Early on in our Tower visit, I spotted a sign near the base of the Bell Tower, just across and to the left of the place where visitors enter the Tower, which identified the Bell Tower as More’s place of imprisonment. Upon further inquiry, I discovered that it’s not open to the public. It had been for a short while many years back, but wear and tear caused by visitors there and in other especially historically significant places within the Tower caused them to be closed off again. The damage was minor but happened more quickly than expected, even given the very large number of people that pass through every year: almost three million in 2017 alone! I persisted in my inquiries, as my historically nosy self is wont to do, and discovered that historians can and do seek and gain permission to visit. And so I did!

Simon Dodd, Yeoman Warder at the Tower of London

So on the morning of May 4th, 2018, I arrive at the Tower of London’s raven cages, this time with Laurence as my companion (unfortunately, Steven had a prior engagement and couldn’t make it.) We’re a little early for our assigned meeting time of 11 am with a Yeoman Warder of the Tower, one of the ceremonial guardians also commonly known as ‘beefeaters.’ We’re bleary-eyed since we had pulled an all-nighter: I was unable to get the night before off of work so I went straight to the airport after my shift in the very wee hours of the morning. Laurence very kindly met me there to keep me company. Fortunately, his sense of adventure is also strong and his knowledge of efficient travel to London excellent, so here we are, ahead of time. It’s a very sunny day, almost hot, much different than my first visit to the Tower which had been, appropriately, moodily gray and drizzly. As we wait, we watch the ravens. It’s long been a tradition to keep a certain number of these clever birds at the Tower, where they’re fed, groomed, and trained, their wings clipped just enough to keep them from going over the Tower walls but not enough to keep them from their perches. Some of them are roaming freely. Two of the ravens are nuzzling one another on a perch within one of the cages, one ducking regularly and enthusiastically to groom the other’s neck feathers.

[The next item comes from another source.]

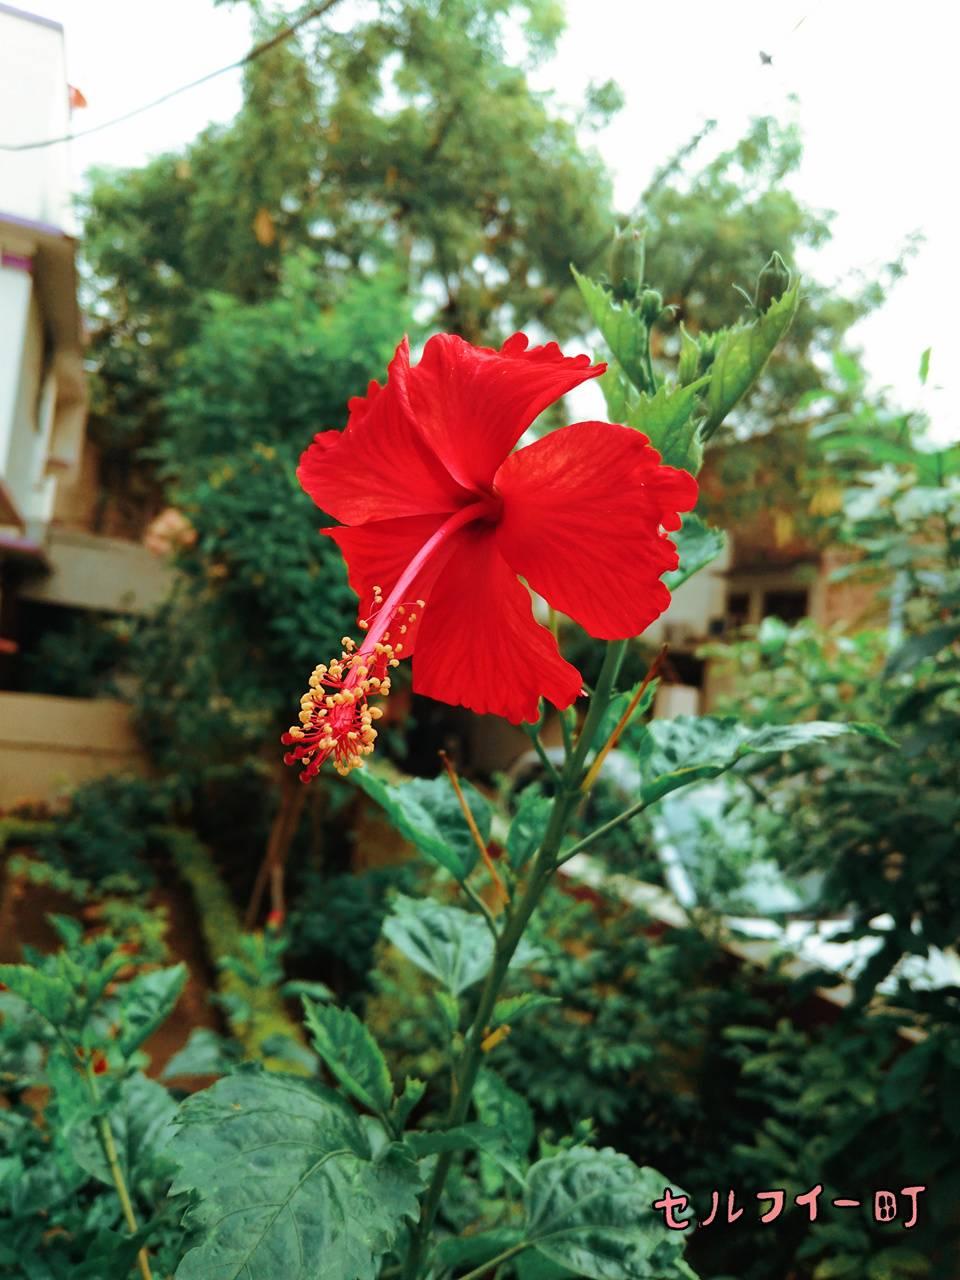 Red Bloom Flower
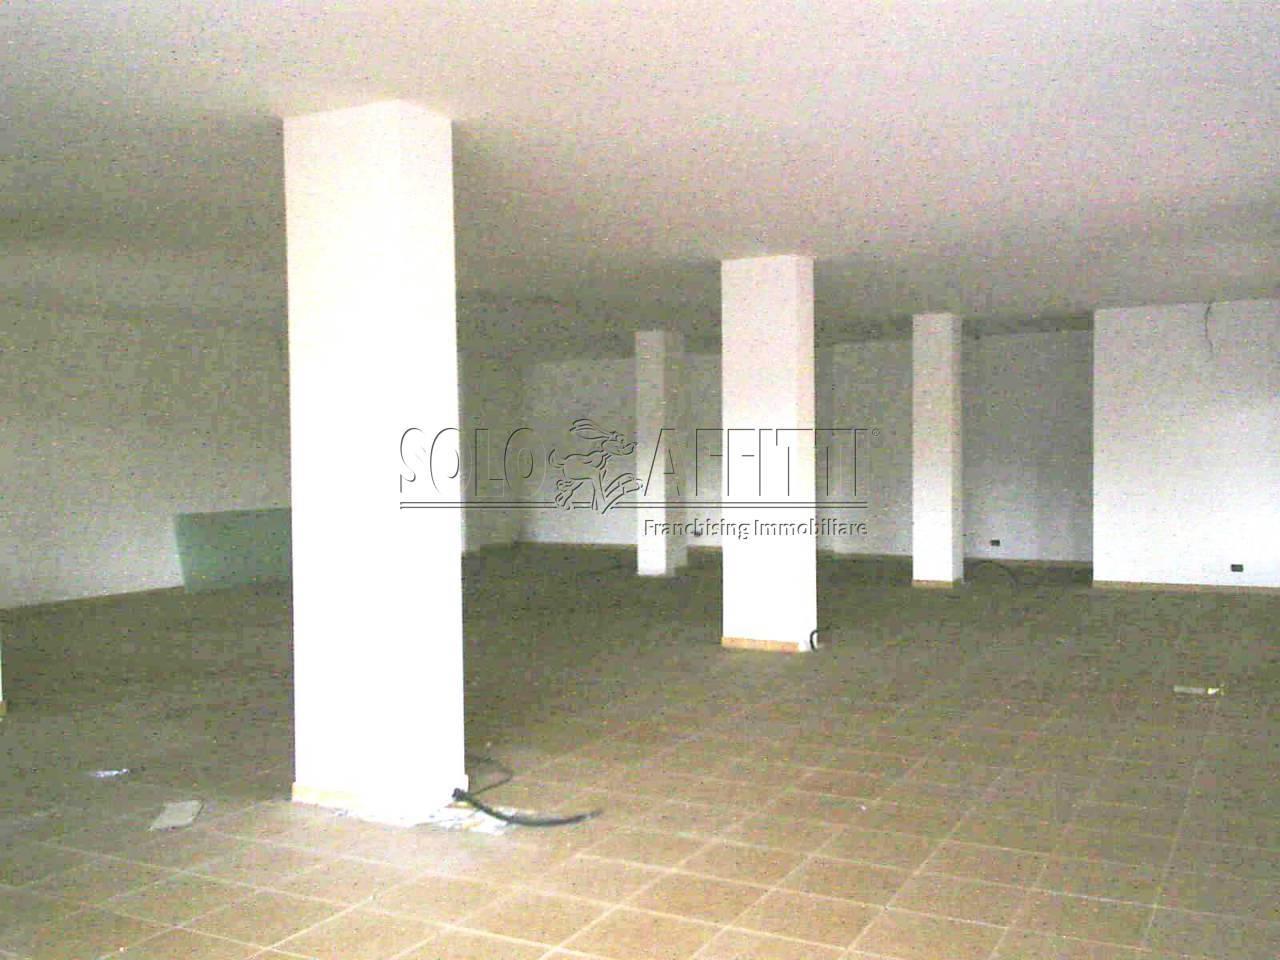 Fondo/negozio - 4 vetrine/luci a Via Napoli - Via Amendola, Sassari

Yeoman Warder Simon Dodd arrives and greets us. He proves throughout our time together to be an extremely friendly, knowledgeable, witty, and all-around delightful man, and very generous with his time. I couldn’t have asked for a better host or conversational partner. Laurence is particularly interested and well-read in military history and Simon has had a long and distinguished military career, so, we all have a lot to talk about. I only hope, as we tour and talk, that my sleep-deprived brain can form intelligent questions and process his answers. I take no chances with its ability to successfully retain information: I take plentiful notes as we go. After introductions and a brief chat, we start right in on our tour.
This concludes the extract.